- _Task details_: Exact transcription, pictures omitted: reproduce the listing below.

- _Data excerpt_:
-=-=-=-=-

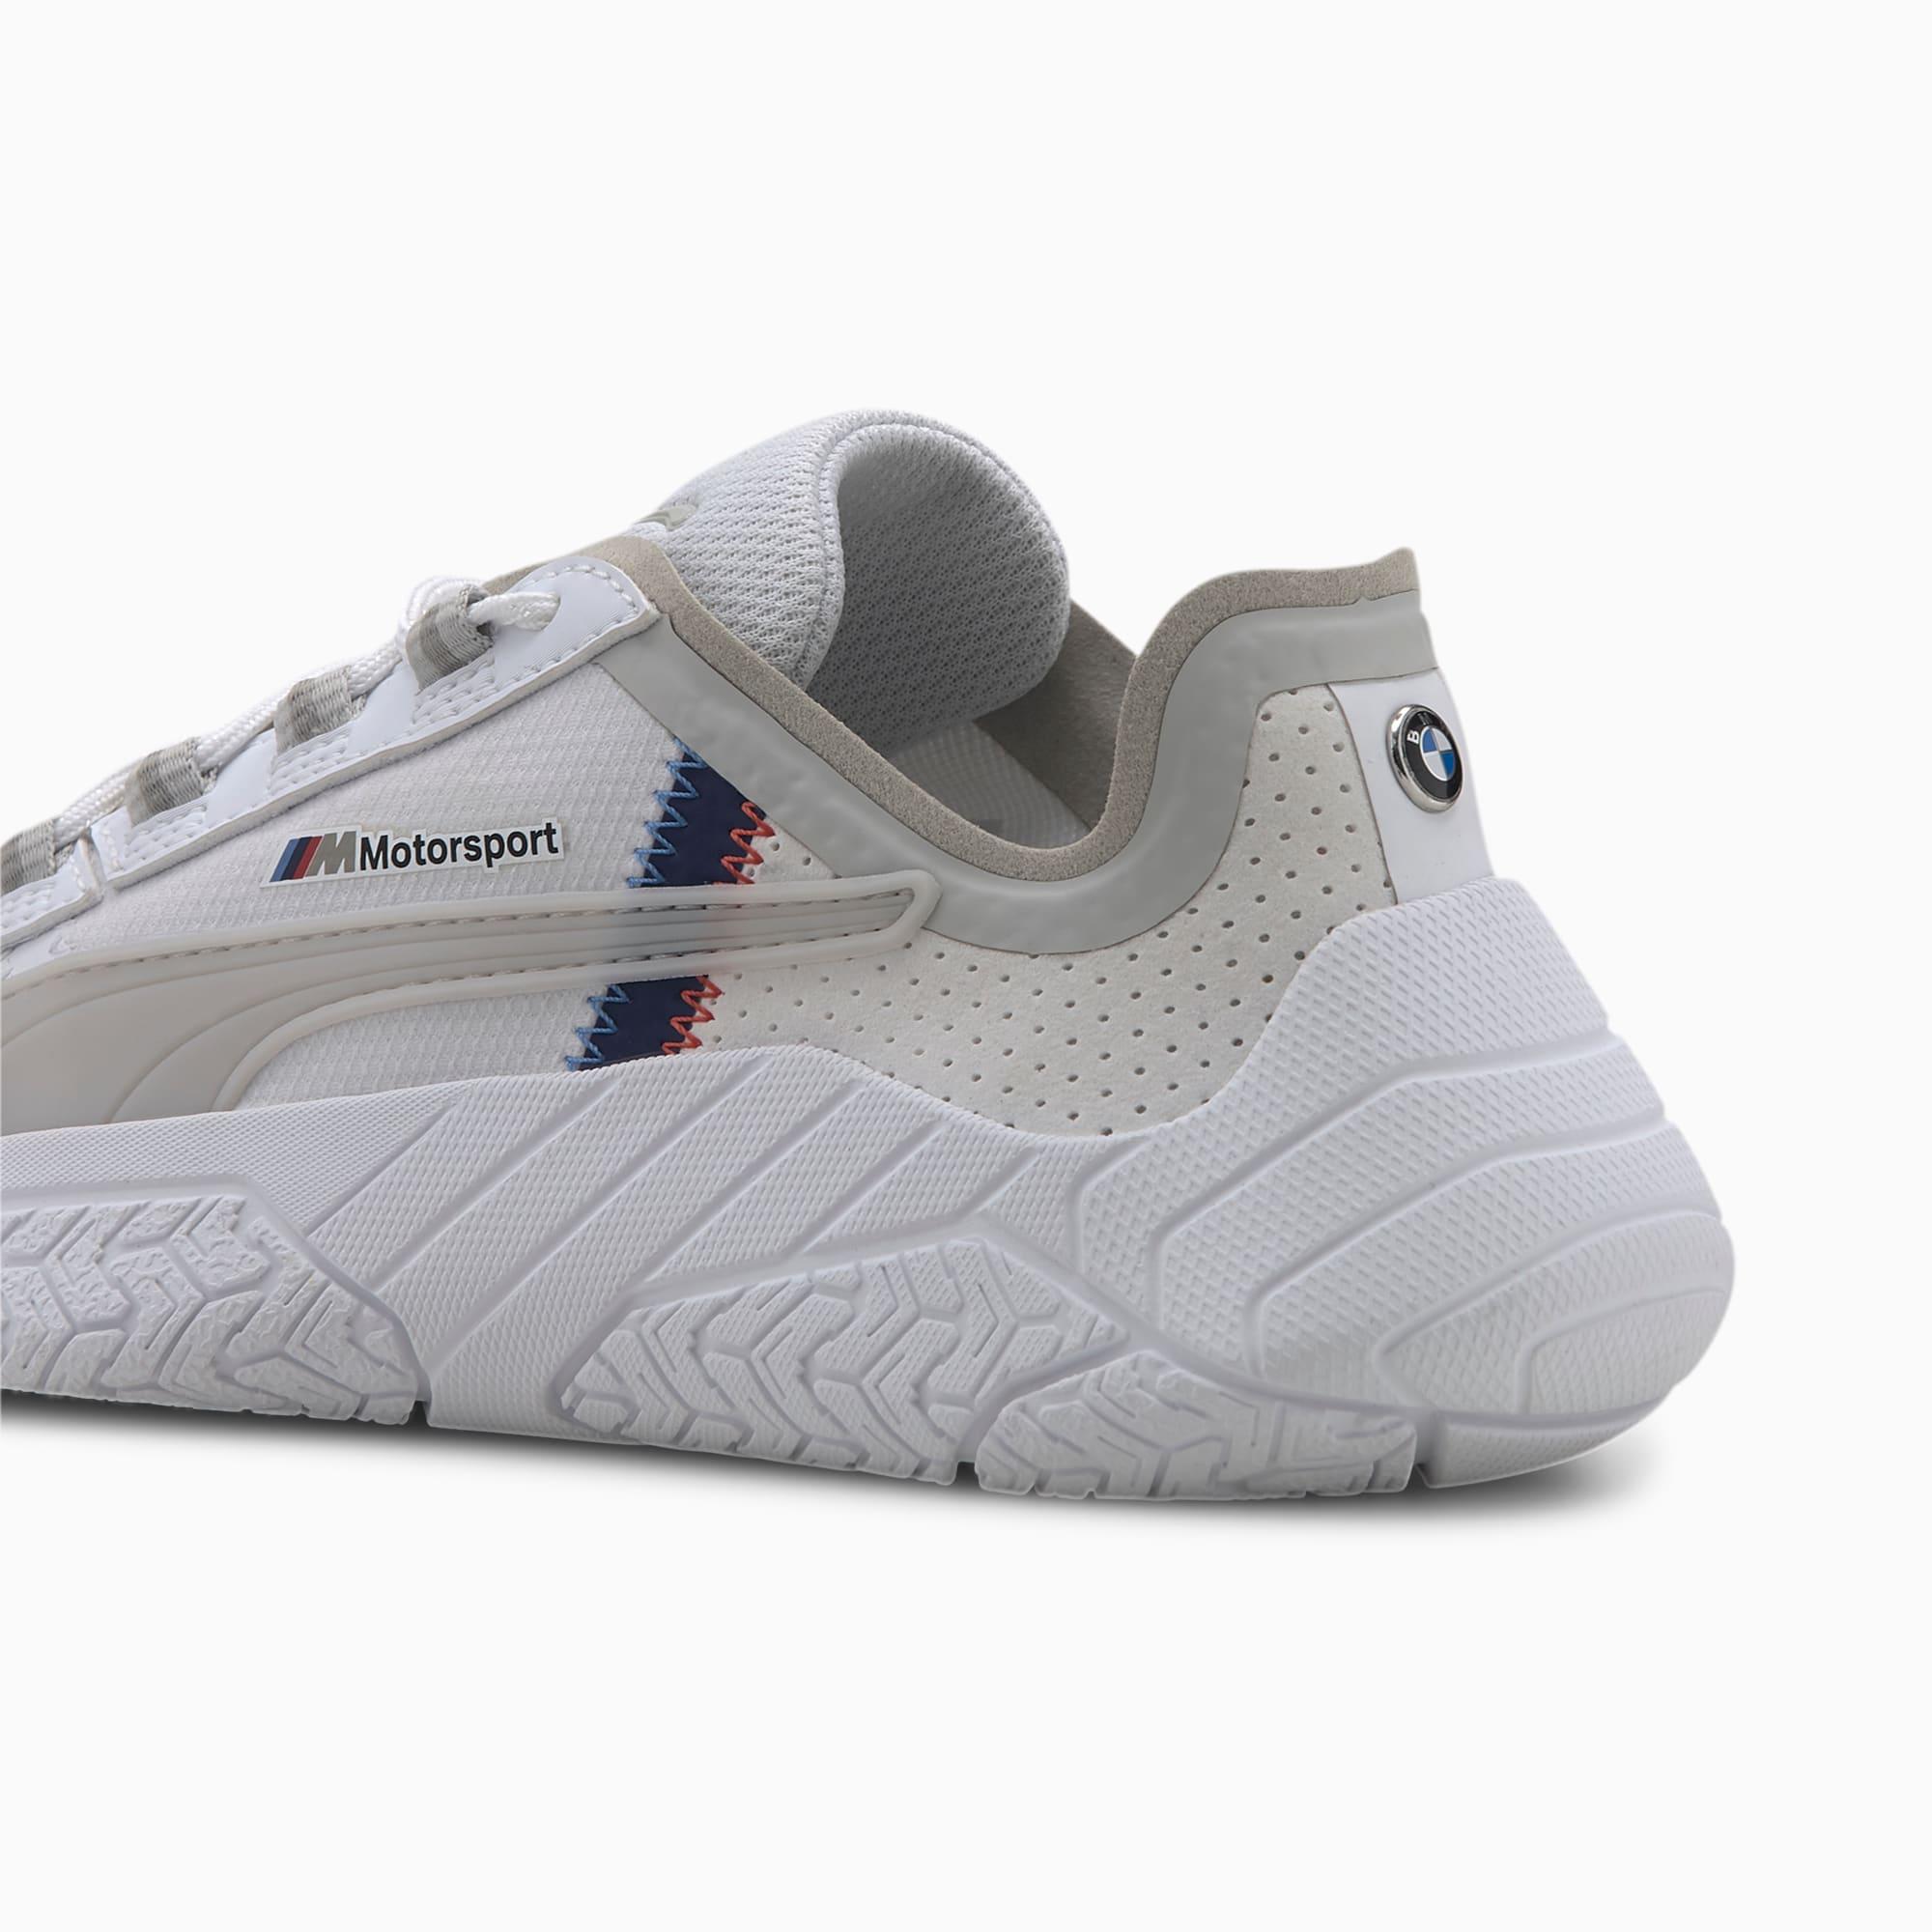 BMW M Motorsport Replicat X Motorsport Shoes JR
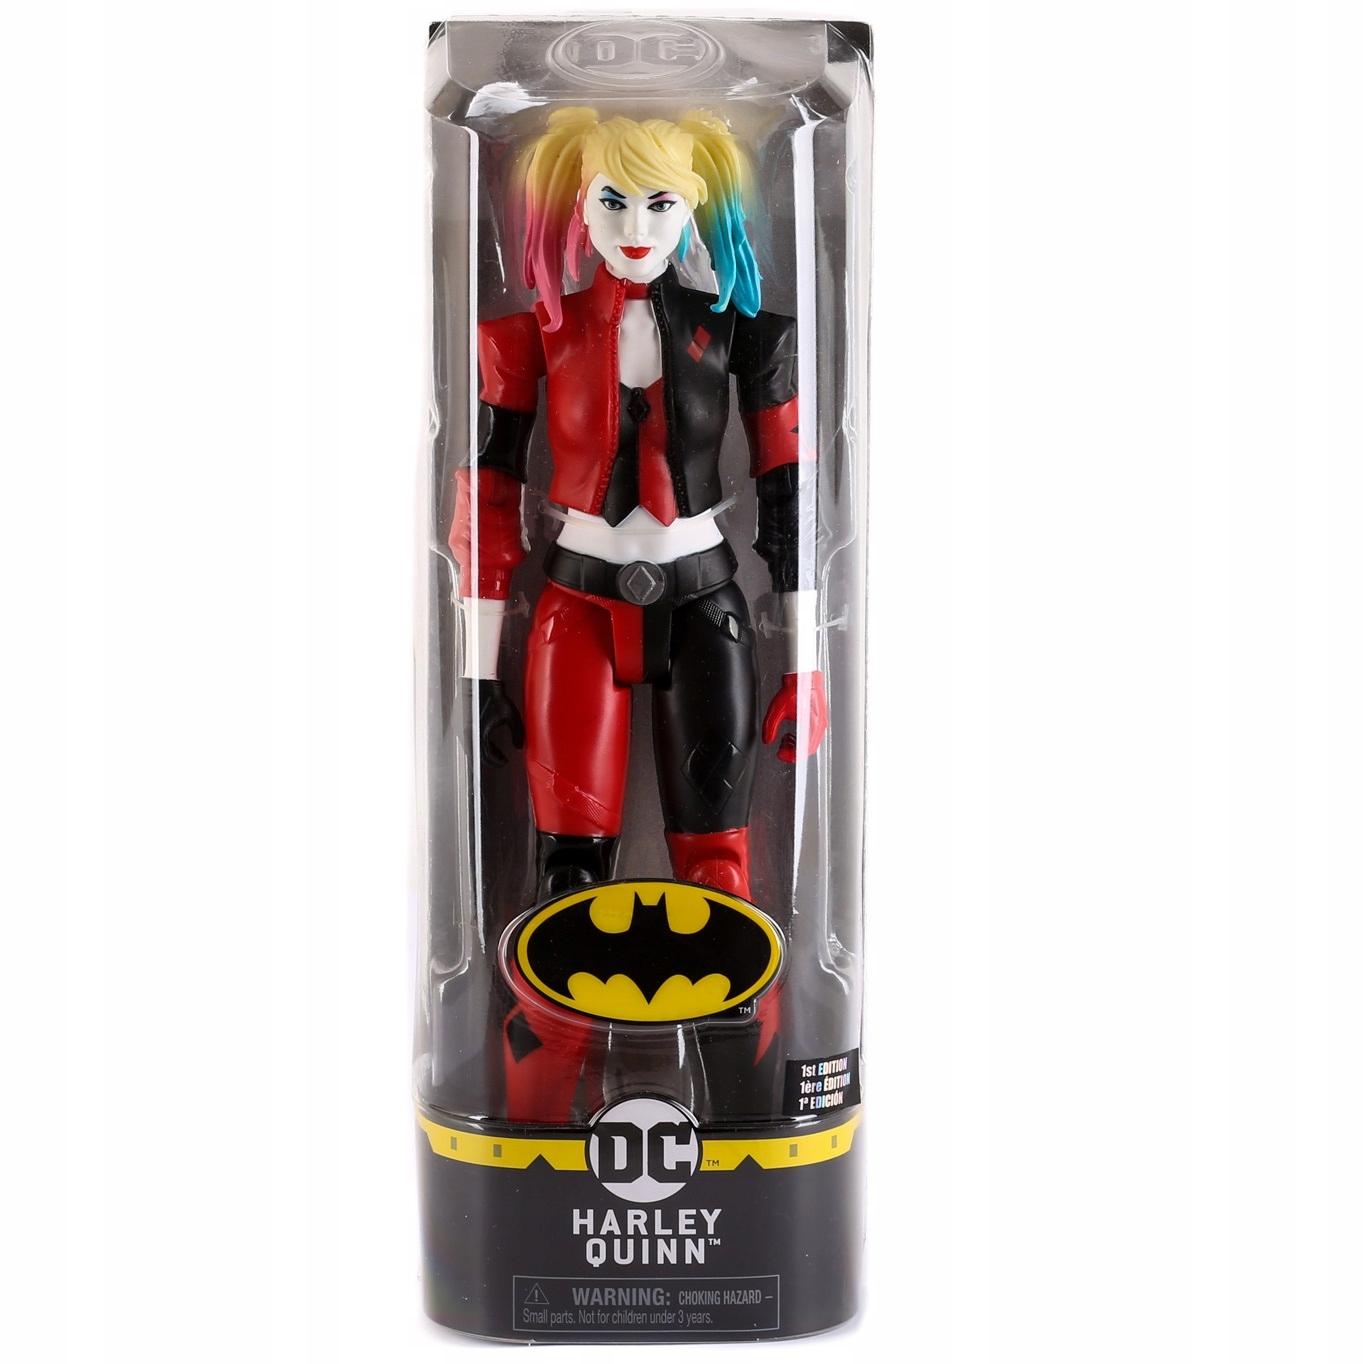 DUŻA FIGURKA HARLEY QUINN 30cm SPINMASTER BATMAN Bohater Batman
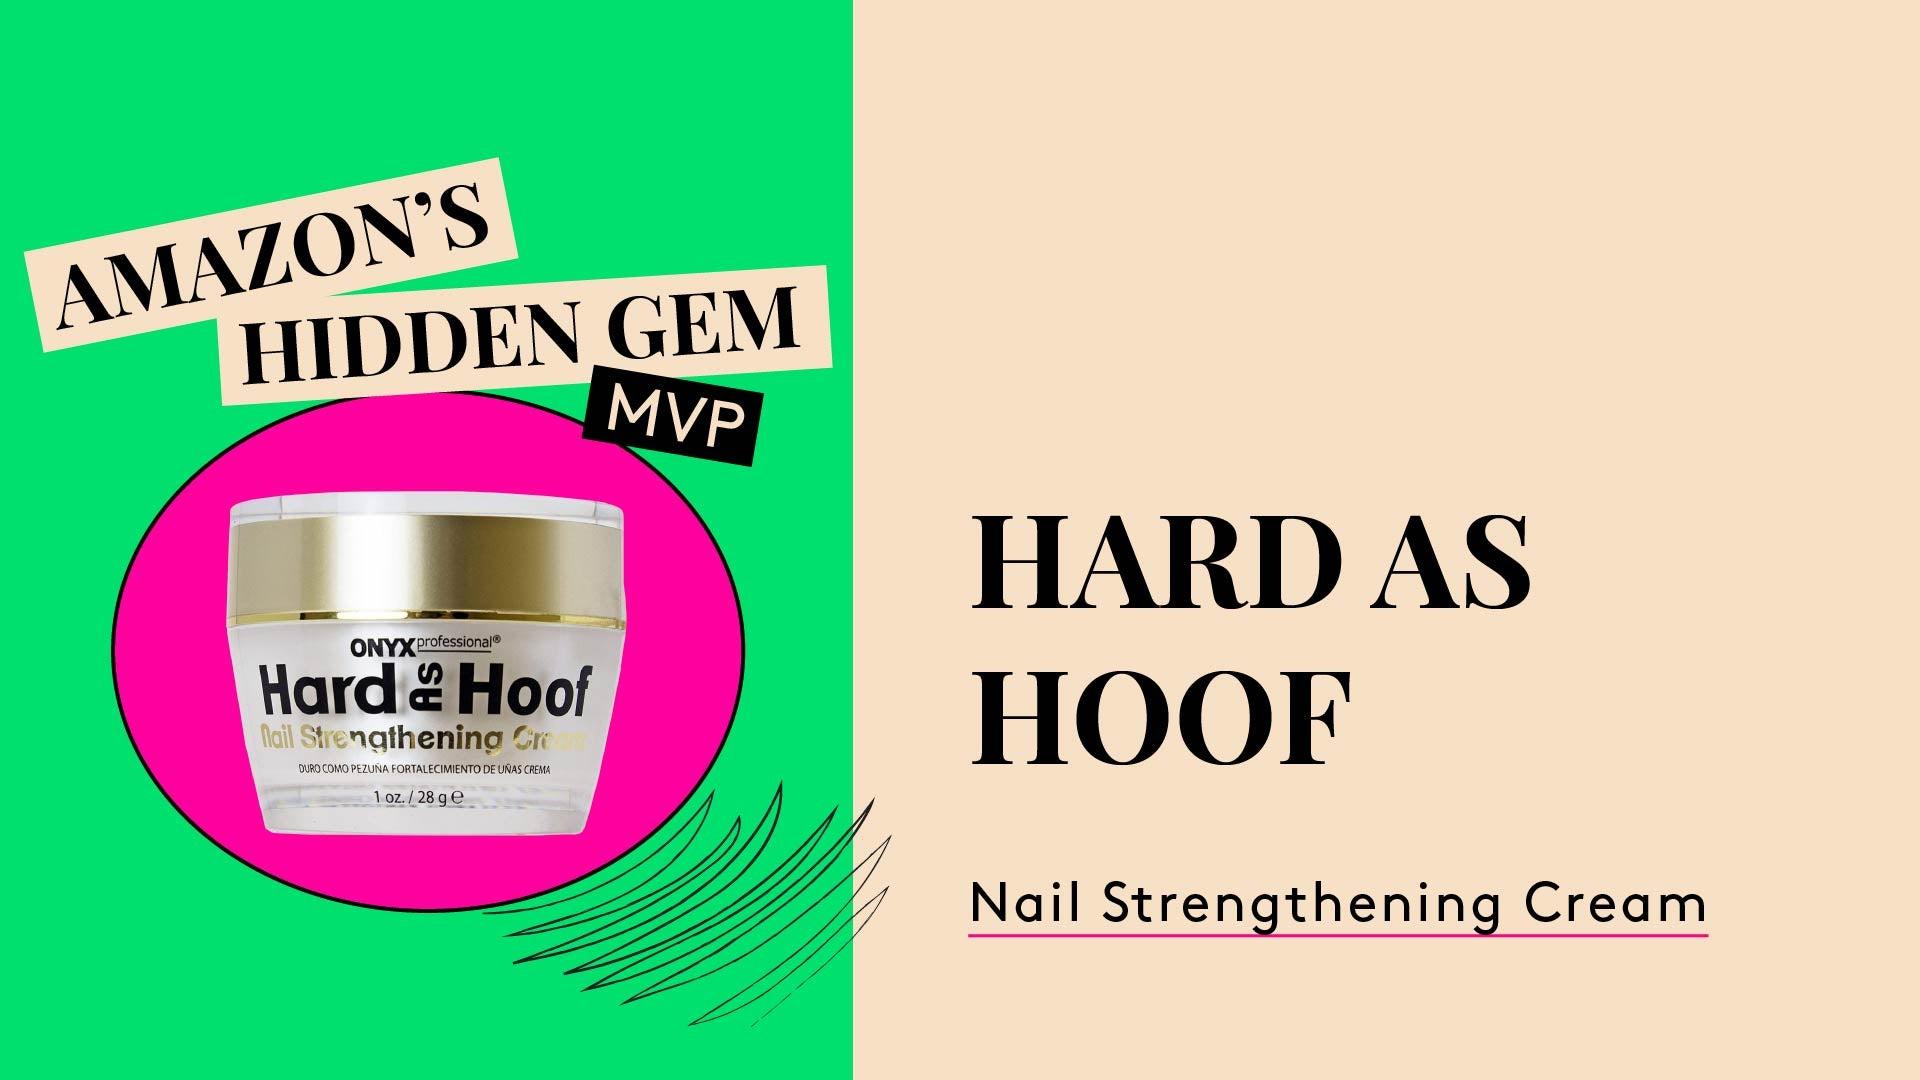 Manicure MVP. Onyx Hard as Hoof nail creme. An Amazon Hidden Gem.
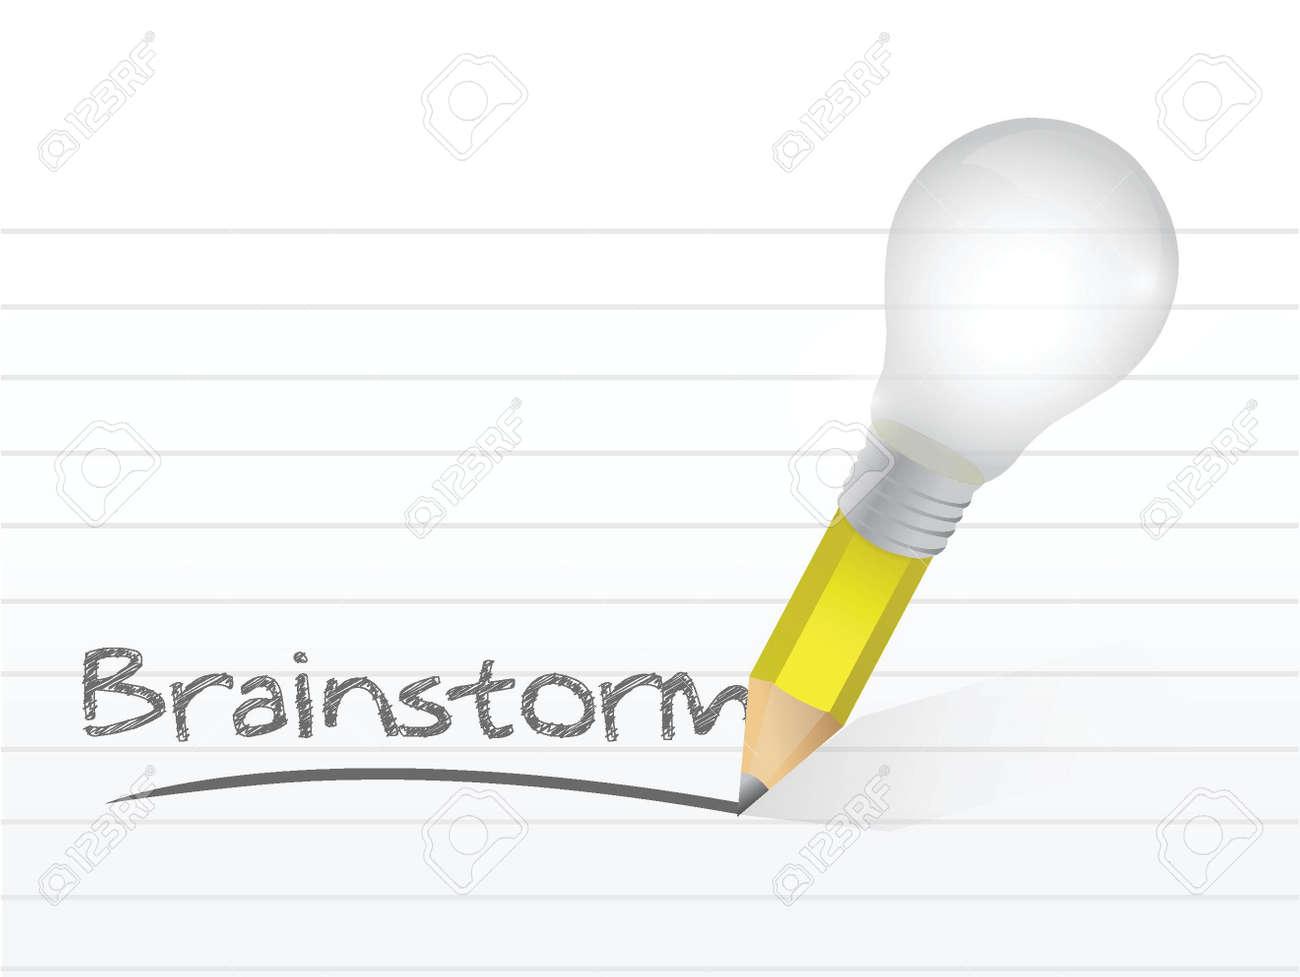 brainstorm written with a light bulb idea pencil illustration design over notepad paper Stock Vector - 20760548

-=-=-=-=-

- _Result for this exercise_:
 BMW M Motorsport Replicat X Motorsport Shoes JR
 DUŻA FIGURKA HARLEY QUINN 30cm SPINMASTER BATMAN Bohater Batman
 Manicure MVP. Onyx Hard as Hoof nail creme. An Amazon Hidden Gem.
 brainstorm written with a light bulb idea pencil illustration design over notepad paper Stock Vector - 20760548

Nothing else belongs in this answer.